Ich bin immer gefahren. Es ist ein seltsamer Beruf. Aber hier gibt es nicht viel anderes. Es gibt so viele Fahrer in Kathmandu. Gibt es in der Schweiz auch Taxis?
Ja, mein Vater war auch Taxifahrer.
Mag er es?
Selbsterkenntnis ist der erste Schritt. (Xenia Klaus)
Ich weiss es ehrlich gesagt nicht.
Und fährt er noch?
Er ist gestorben.
Das tut mir leid.
Danke. Sind deine Eltern auch schon gefahren?
Nein, sie waren Bauern. Also sie sind Bauern, sie haben Schweine und Hühner und zwei Büffel für die Milch.
Konnten sie davon eure Familie ernähren?
Ja, das ging.
Du wolltest nicht Bauer werden?
Mein älterer Bruder hilft meinen Eltern. Das reicht.
Weisst du, was für mich verrückt ist? Wie normal deine Biografie ist. Der Wachmann bei mir Zuhause hat eine sehr ähnliche. Es ist krass, wieviele Menschen hier emigrieren.

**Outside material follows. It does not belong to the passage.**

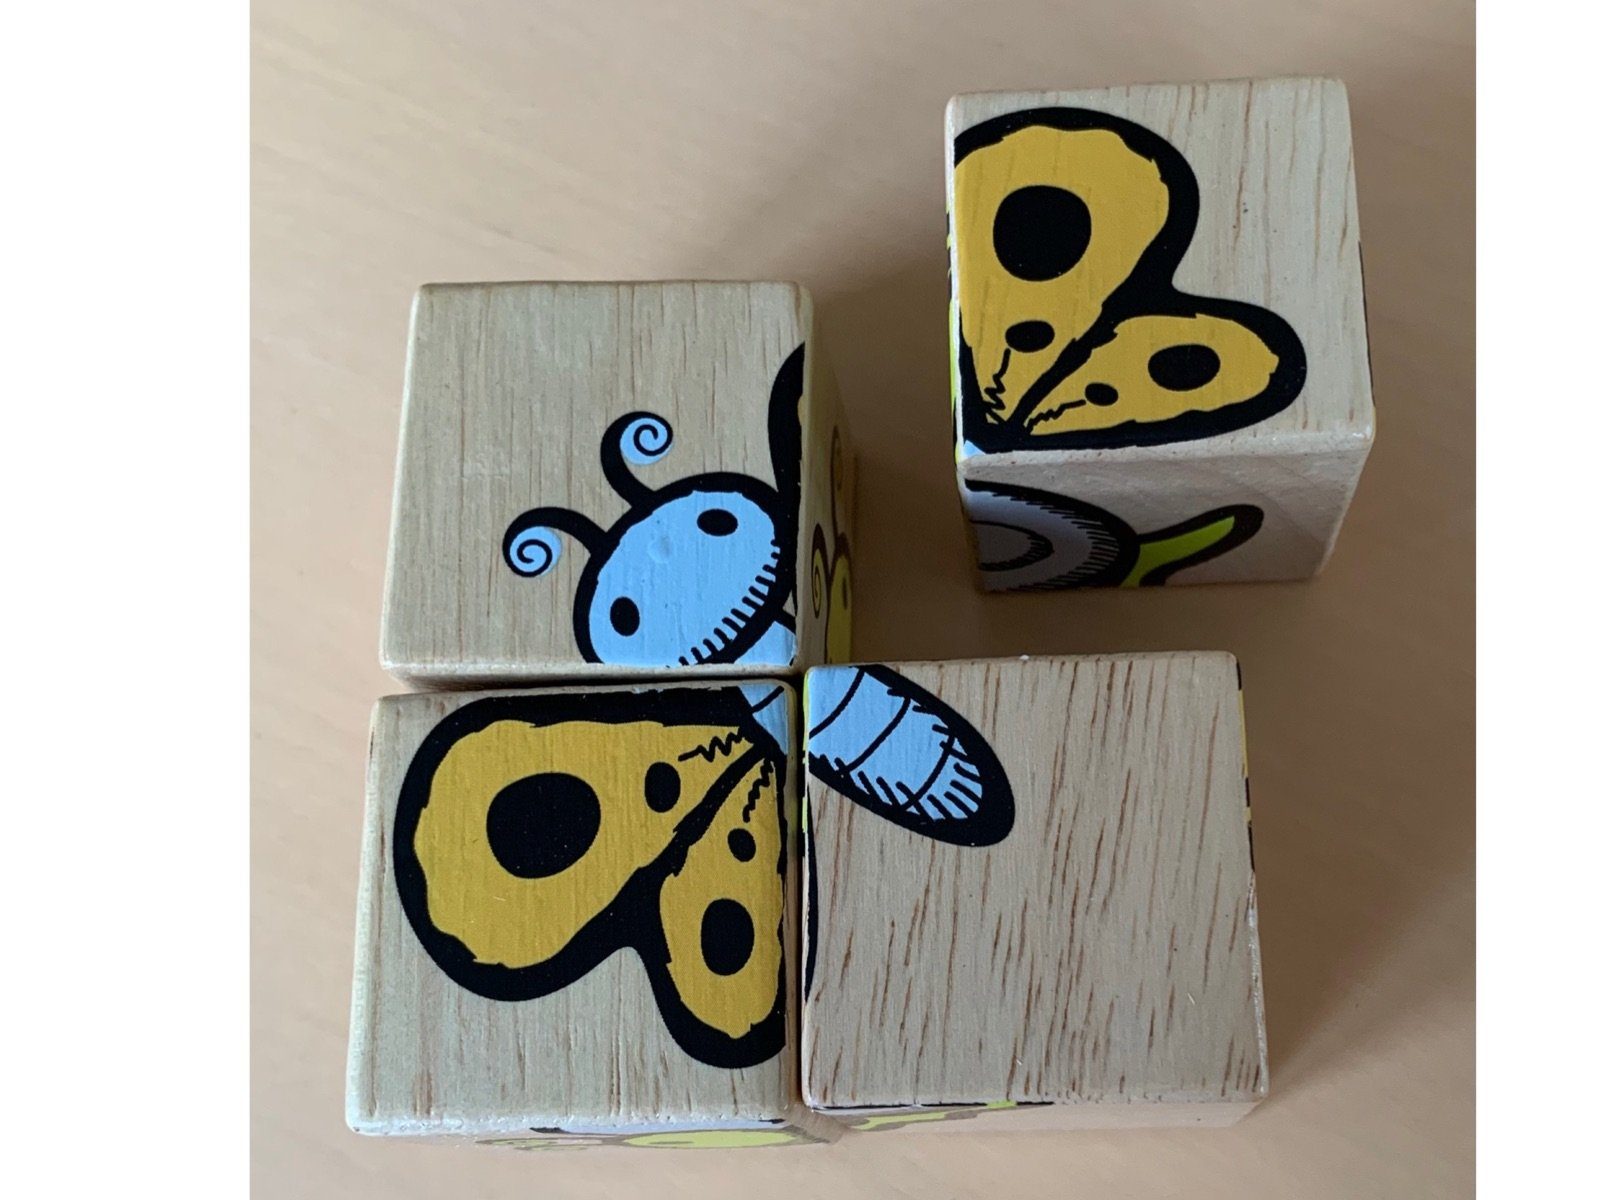 Holz Puzzle und Puzzle, gewonnenen 4 Tiere, schönes aus Anfänger Puzzleteile, & Trend Style Gummibaum einem Biene Würfel LK In verschiedene Holzpuzzle nachhaltig Freunde

Ich finde das auch verrückt. So viele Millionen, die einfach weg sind von ihren Familien und Freunden. Alle gehen. Viele bleiben dort, viele sterben dort. Aber ich habe jetzt genug verdient, dass ich zurückkommen konnte. Ich will nie wieder weg.
Am kleinen Teich in dessen Nähe ich wohne, hält Dipak an und fragt, ob hier gut sei. Ich drücke ihm die umgerechnet 3.50 Franken in die Hand, die mich die zwanzig Minuten Fahrdienst kosten, überlege mir, wie viel höher dieser Betrag sein müsste, damit Dipak hier geblieben wäre und entschuldige mich für die vielen Fragen. „Kein Problem“, sagt Dipak, „ist doch wichtig, dass wir uns füreinander interessieren.“
Aktuell arbeiten ungefähr 4 Millionen Nepales:innen im Ausland, meist in den Golfstaaten oder Malaysia. Die Arbeit ist häufig gefährlich: Zwischen 2020 und 2023 sind 4035 von ihnen gestorben. Fast ein Viertel des GDPs von Nepal besteht aus Zahlungen aus dem Ausland. Hinzu kommen zahlreiche junge Menschen, die das Land für ein Studium verlassen.